The setup is a docker-compose coordinated set of containers in a single VM, running on the cloud.

 $ docker ps
CONTAINER ID        IMAGE                 COMMAND                  CREATED             STATUS              PORTS                                                              NAMES
59a1047d84bd        apiman/on-wildfly11   "/opt/jboss/wildfly/…"   25 minutes ago      Up 25 minutes       8080/tcp                                                           apiman
ca8bd1e3bb99        traefik               "/traefik"               About an hour ago   Up 25 minutes       0.0.0.0:80->80/tcp, 0.0.0.0:443->443/tcp, 0.0.0.0:8080->8080/tcp   traefik
2a11b776409c        nginx:alpine          "nginx -g 'daemon of…"   About an hour ago   Up 25 minutes       80/tcp                                                             nginx
21f8c3d3e14e        portainer/portainer   "/portainer"             2 hours ago         Up 25 minutes       9000/tcp                                                           portainer


Traefik proxies all connections and provides SSL termination. I'm using a LetsEncrypt wildcard certificate; each service has a DNS subdomain.
  • API-project.domain.tld -> apiman
  • WEB-project.domain.tld -> nginx (static pages)
  • PORTAINER-project.domain.tld -> portainer 
  • TRAEFIK-project.domain.tld -> traefik
All of this works. I can see on my browser each service including apimanui

The problem starts with the apiman login form.
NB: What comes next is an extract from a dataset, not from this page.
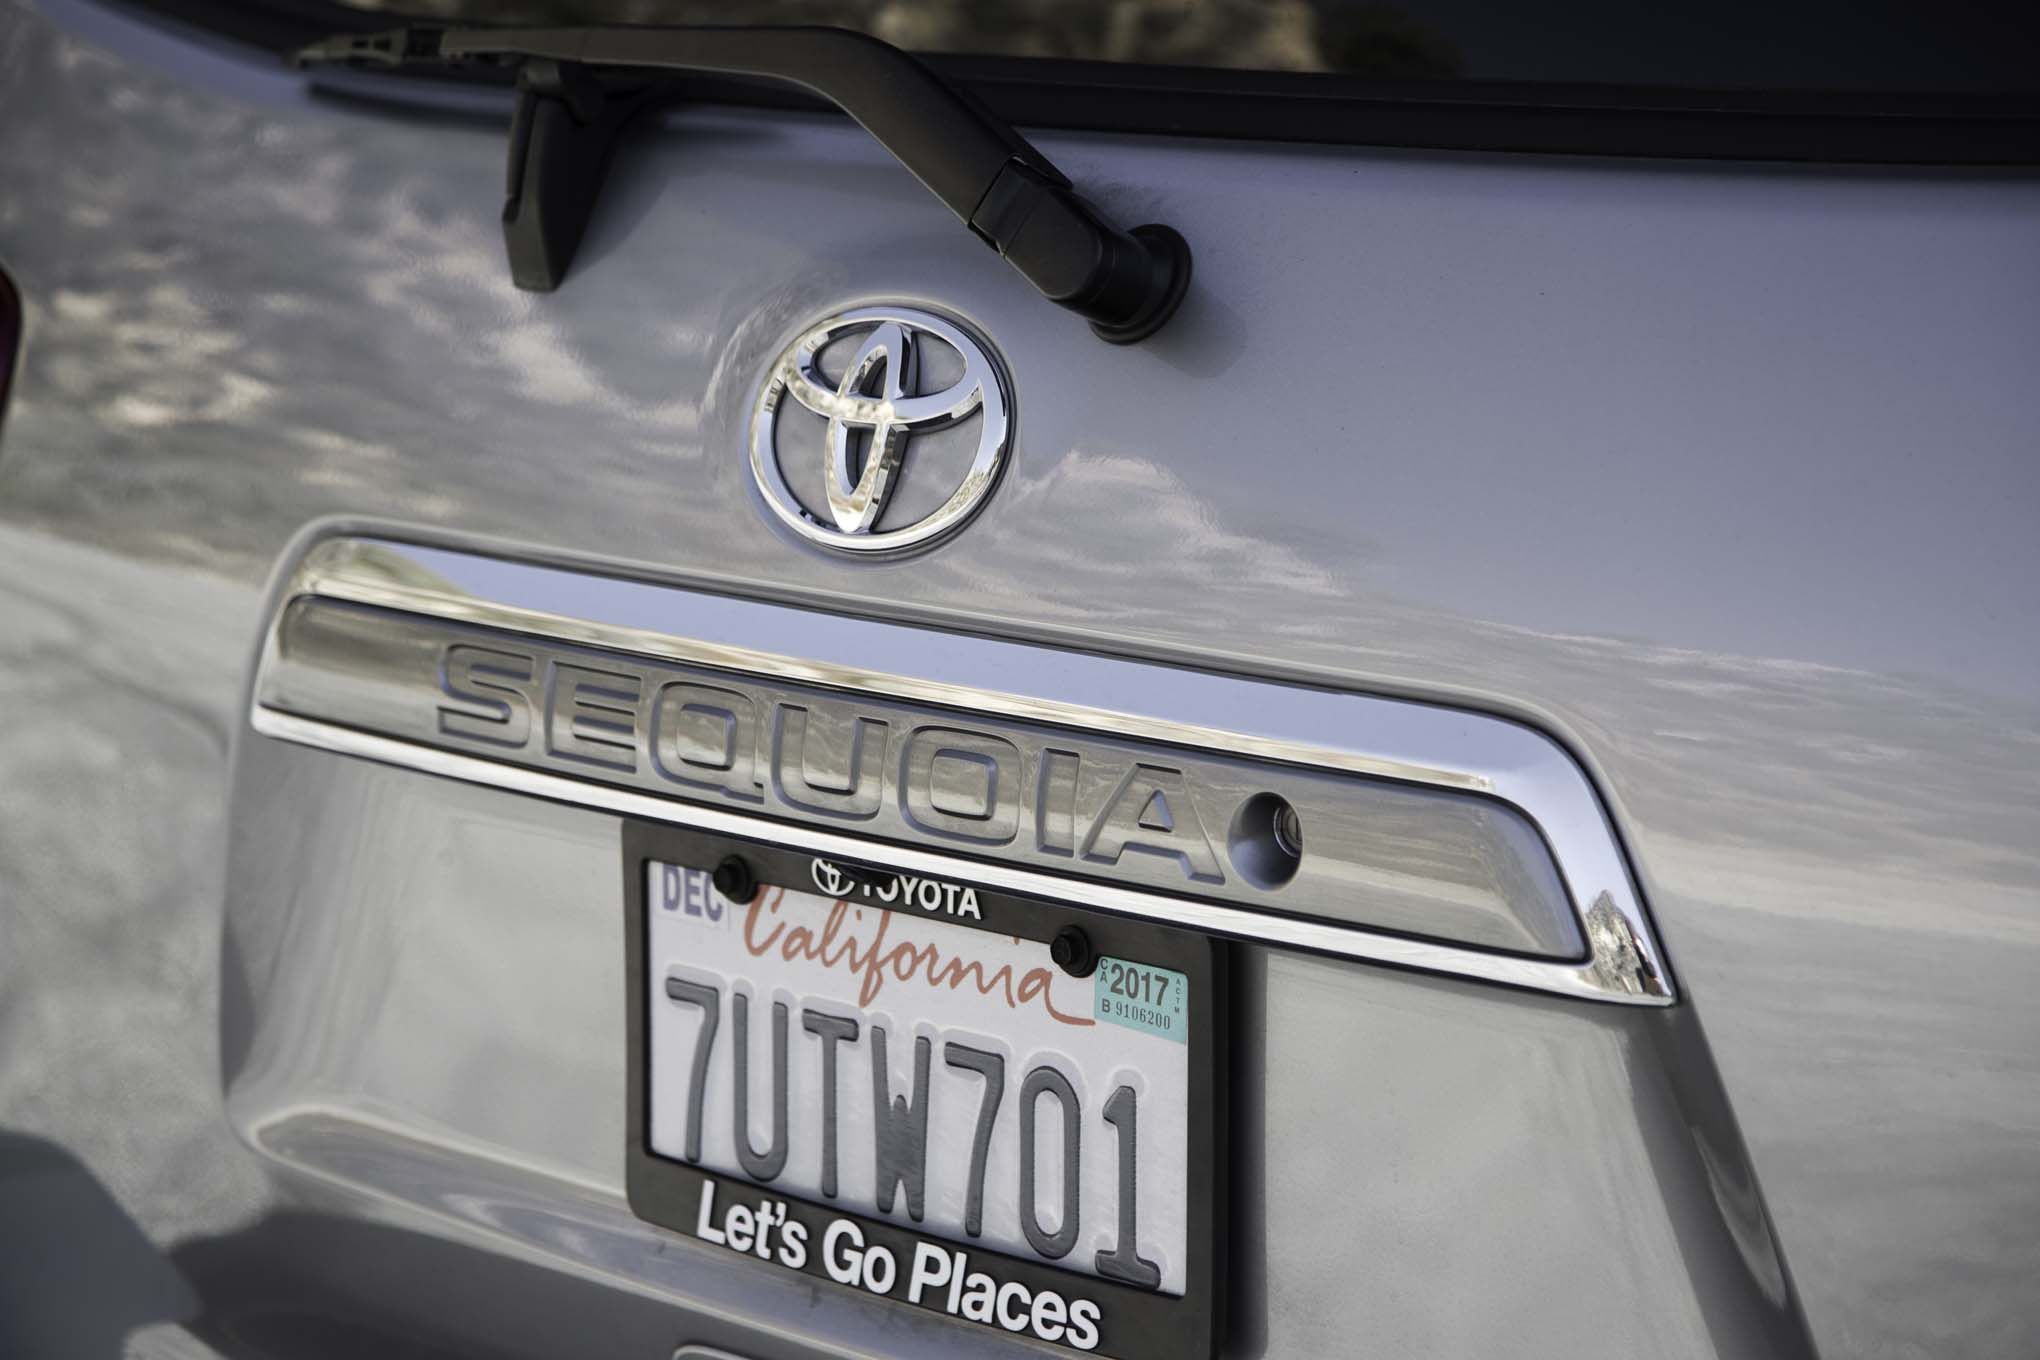 2017 Toyota Sequoia 4×4 Platinum Exterior View Rear Badge (View 11 of 26)

The form itself has a HTTP and not HTTPS action endpoint.

if I login with the admin/admin123! credentials and hit enter, I'll POST to the auth backend, receive a 302 REDIRECT, follow the redirect and then just prints Forbidden to the screen. Refresh or back now fails with Bad request to the screen. The only way to retry is clearing cookies and local storage.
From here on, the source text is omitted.